Your instructions: In the entries below, find the line with "April birthstone diamond" and the line with "Designed with diamonds". Return those two lines and all lines between them, exactly.

Task inputs:
☆ ☆ ☆ ☆

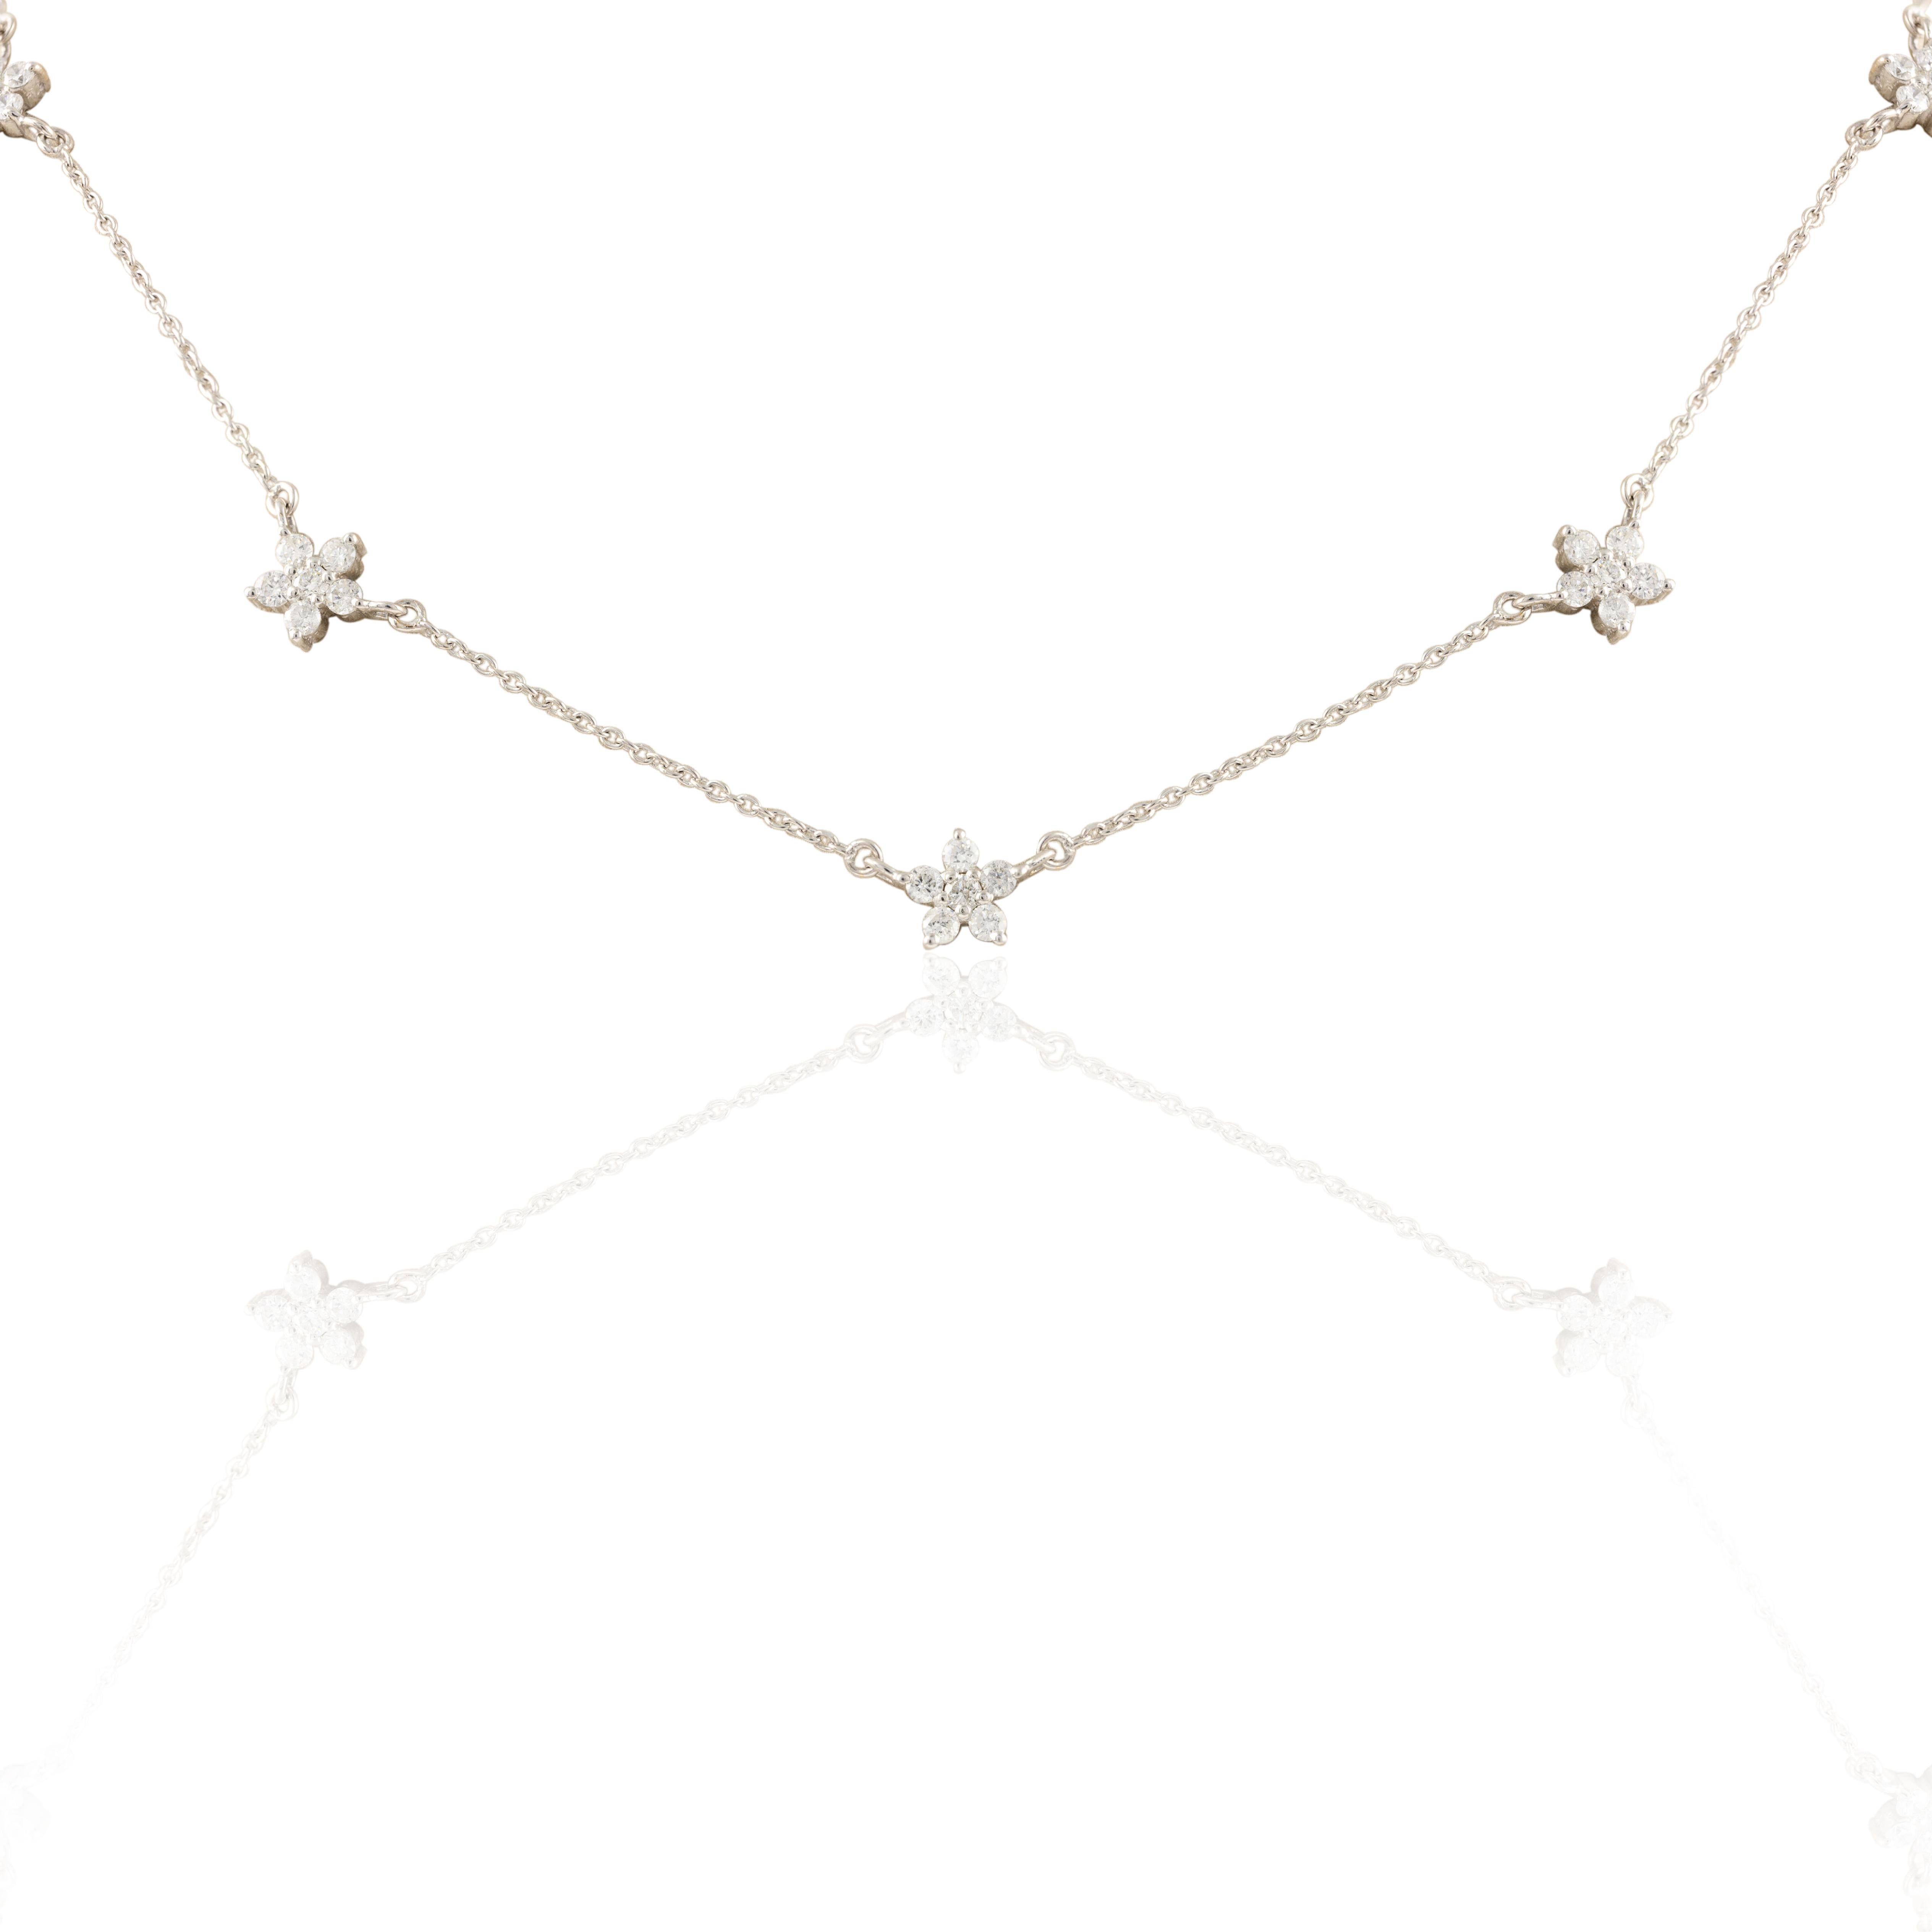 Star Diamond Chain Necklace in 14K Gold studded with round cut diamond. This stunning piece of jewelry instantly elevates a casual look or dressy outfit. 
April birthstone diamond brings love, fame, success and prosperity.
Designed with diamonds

☆ ☆ ☆ ☆

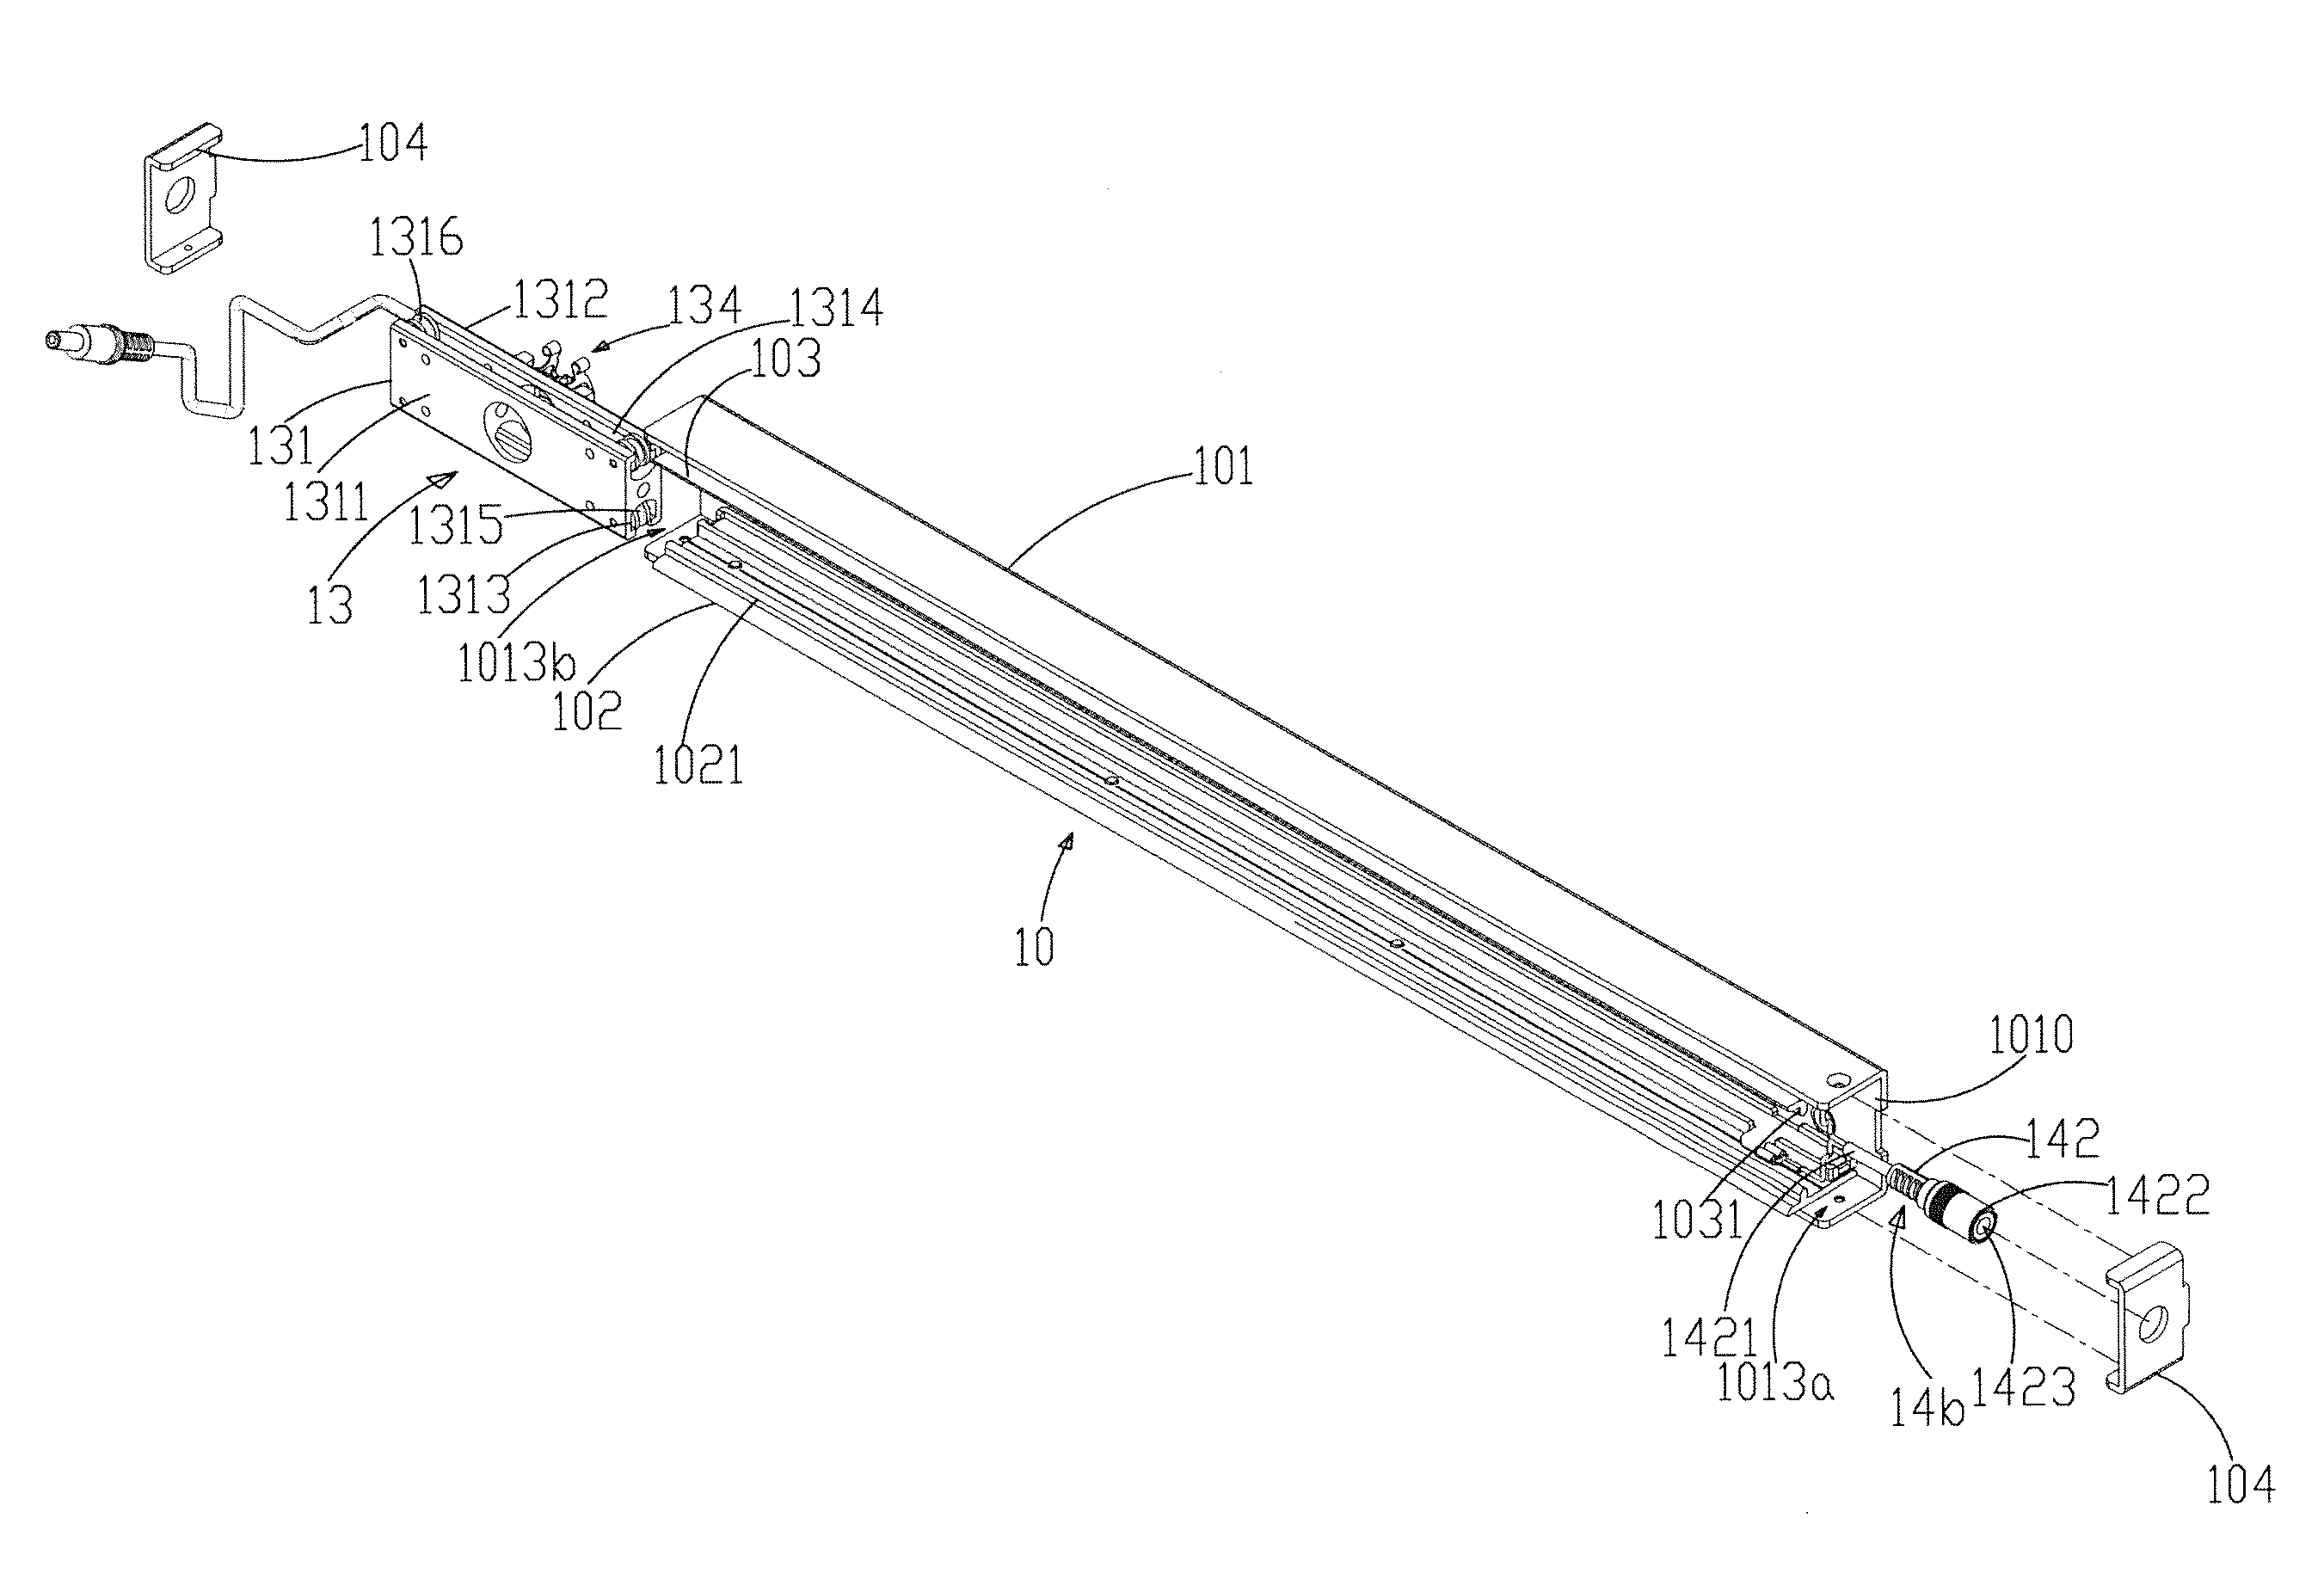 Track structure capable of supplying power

☆ ☆ ☆ ☆

Response to the task:
April birthstone diamond brings love, fame, success and prosperity.
Designed with diamonds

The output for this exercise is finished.